Review -The Globe and Mail
sensual pleasures of the word
By MEG WALKER Saturday, March 8, 2003 - Page D5
Hawksley Burns for Isadora
By Hawksley Workman ECW, 61 pages, $24.95
By Sheri-D Wilson Arsenal Pulp, 128 pages, $15.95
When we want to read to satisfy our hunger for marvels, it is time to seek the poets who revel in the art of highly brocaded self-mythology. Two luxurious books fit here: Sheri-D Wilson's Between Lovers, and Hawksley Workman's Hawksley Burns for Isadora. Both are by poets who wrestle the word onto the page not to let it rest there, but so that it will leap into our bodies.

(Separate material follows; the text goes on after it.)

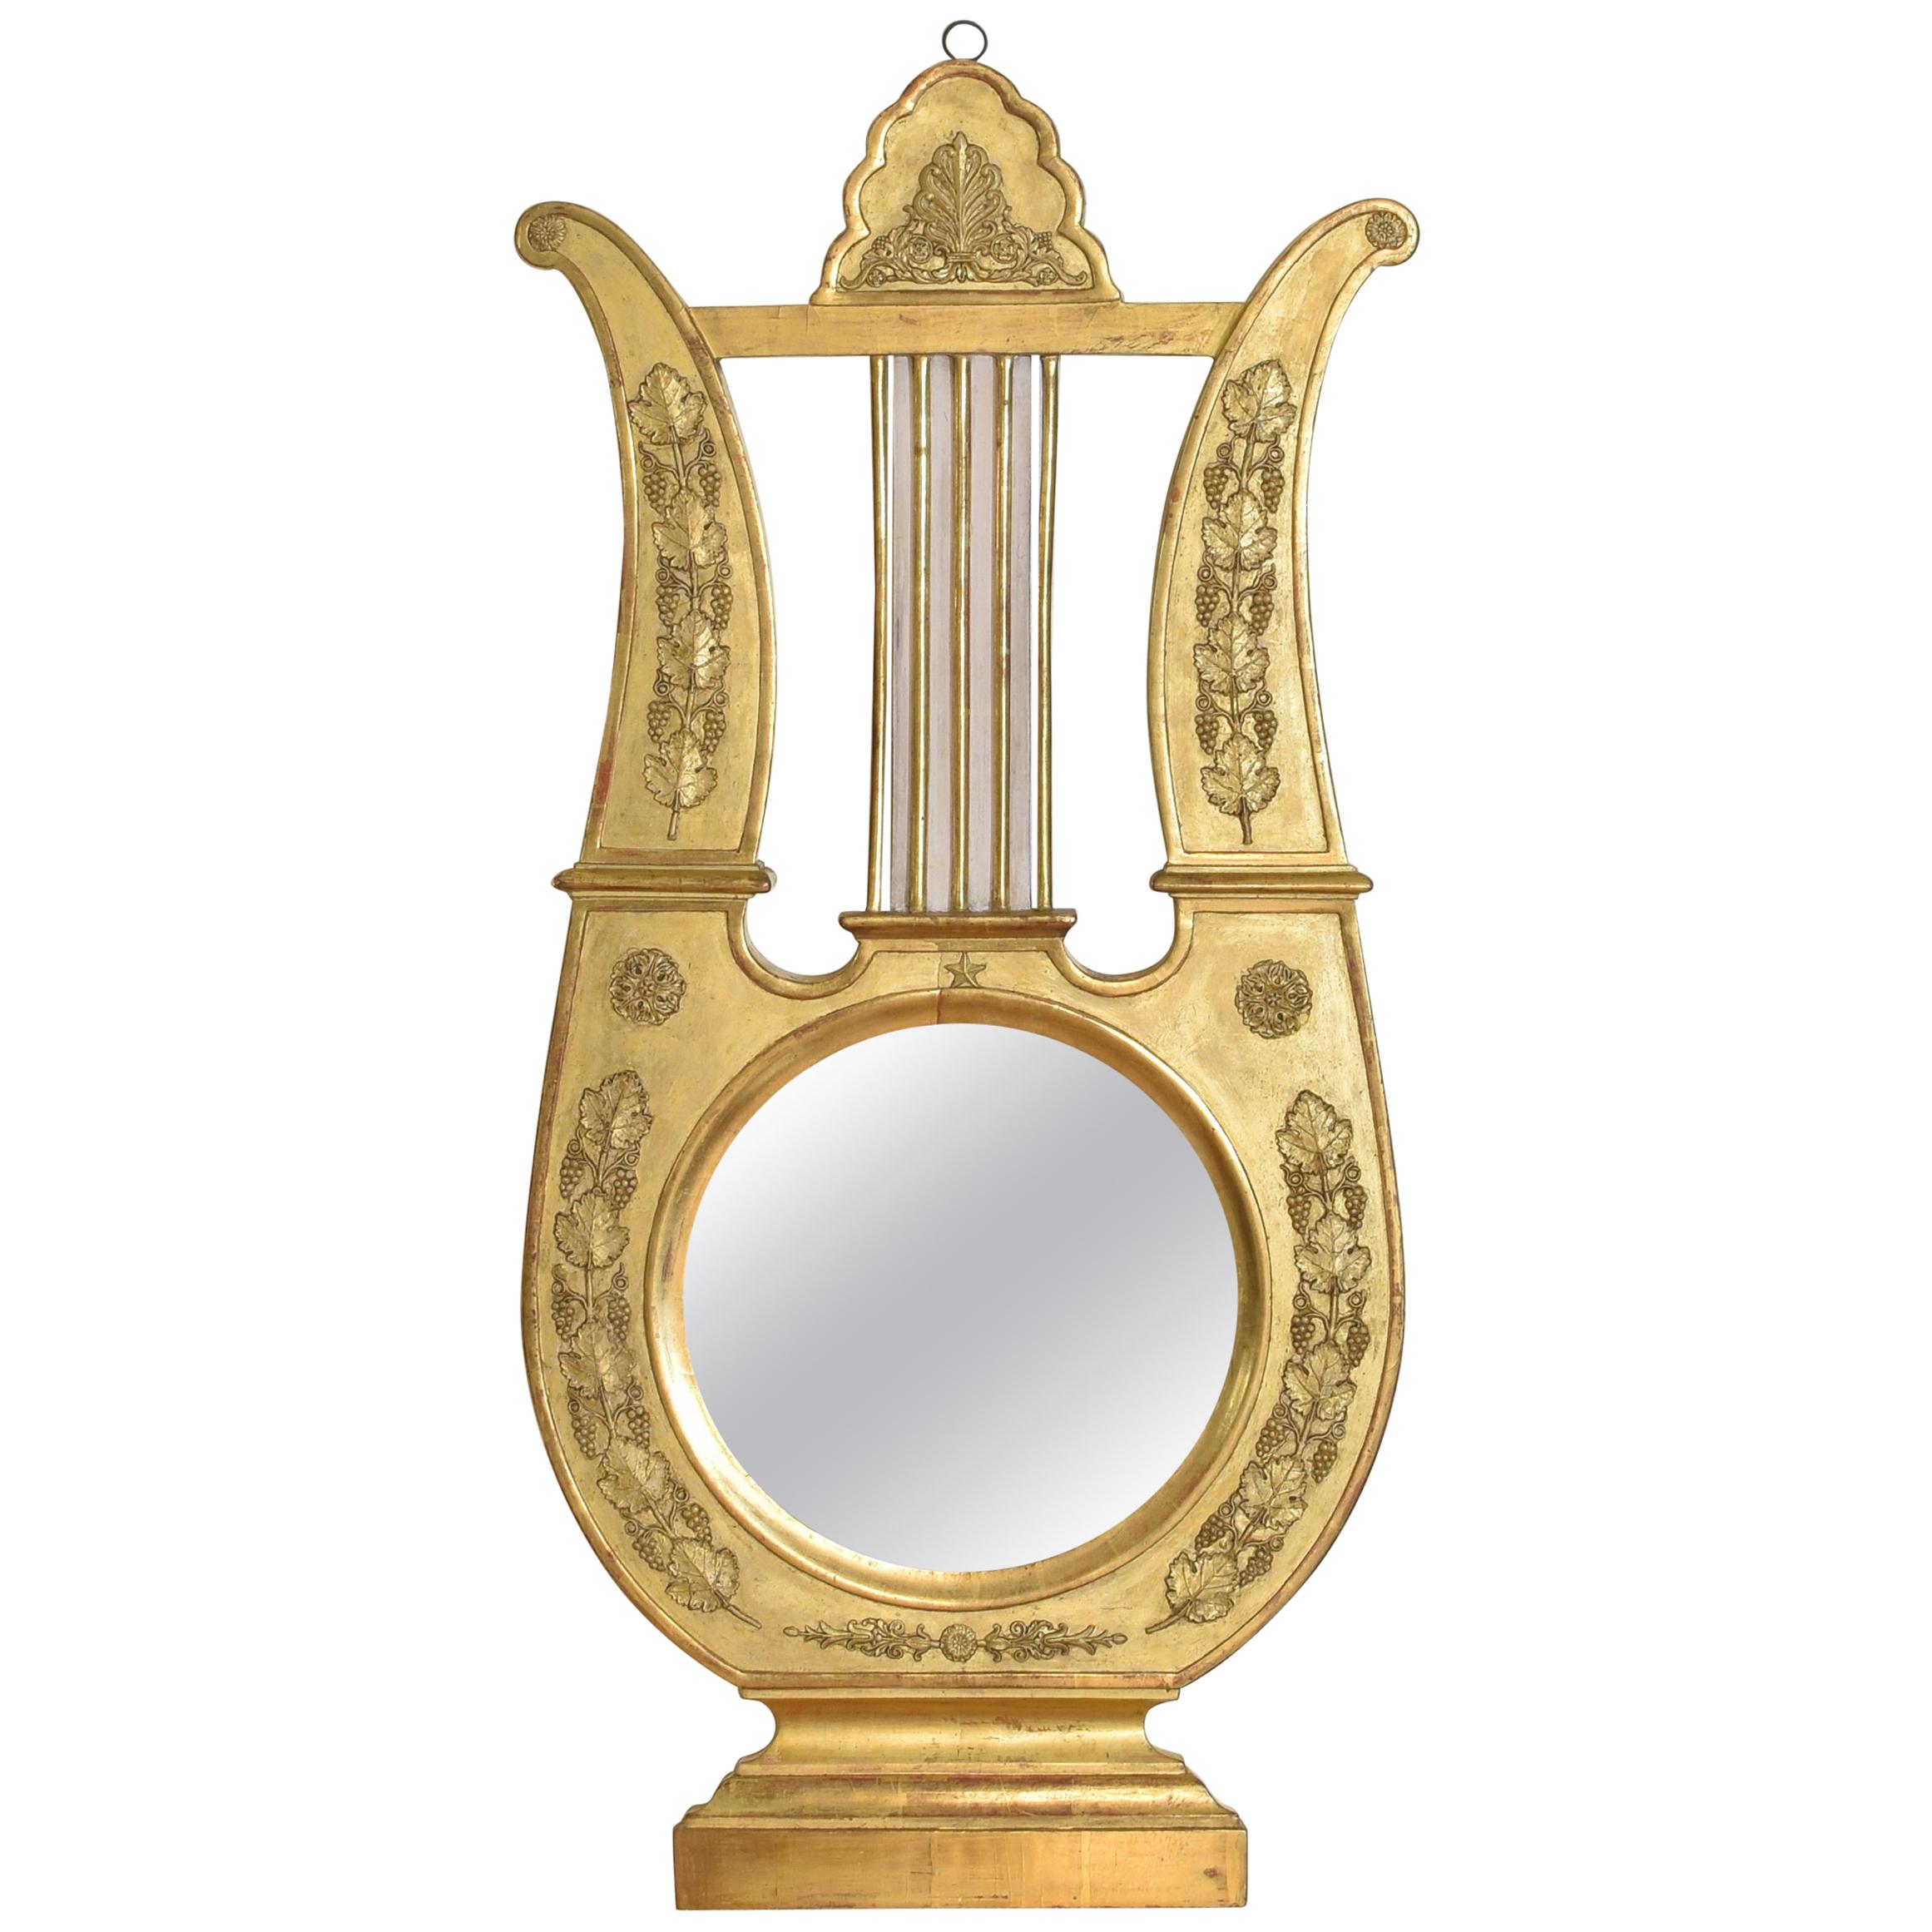 Miroir en bois doré sculpté de la période de l'Empire français, autrefois baromètre, 19ème siècle

Hawksley Workman comes to the book side of things from an ongoing and unapologetically wild ride on the international rock-music scene. His persona starts with a pseudonym ("Hawksley" is his mother's maiden name), and many highly polished stories about the adventures of a country boy moving to Toronto. He, or a public version of him, has lived in a closet at a tap-dancing school, barks and growls when he sings lyrics like "I'm jealous of your cigarette and the pleasure that you get from it," and writes breathless entries on his Web site about chocolate.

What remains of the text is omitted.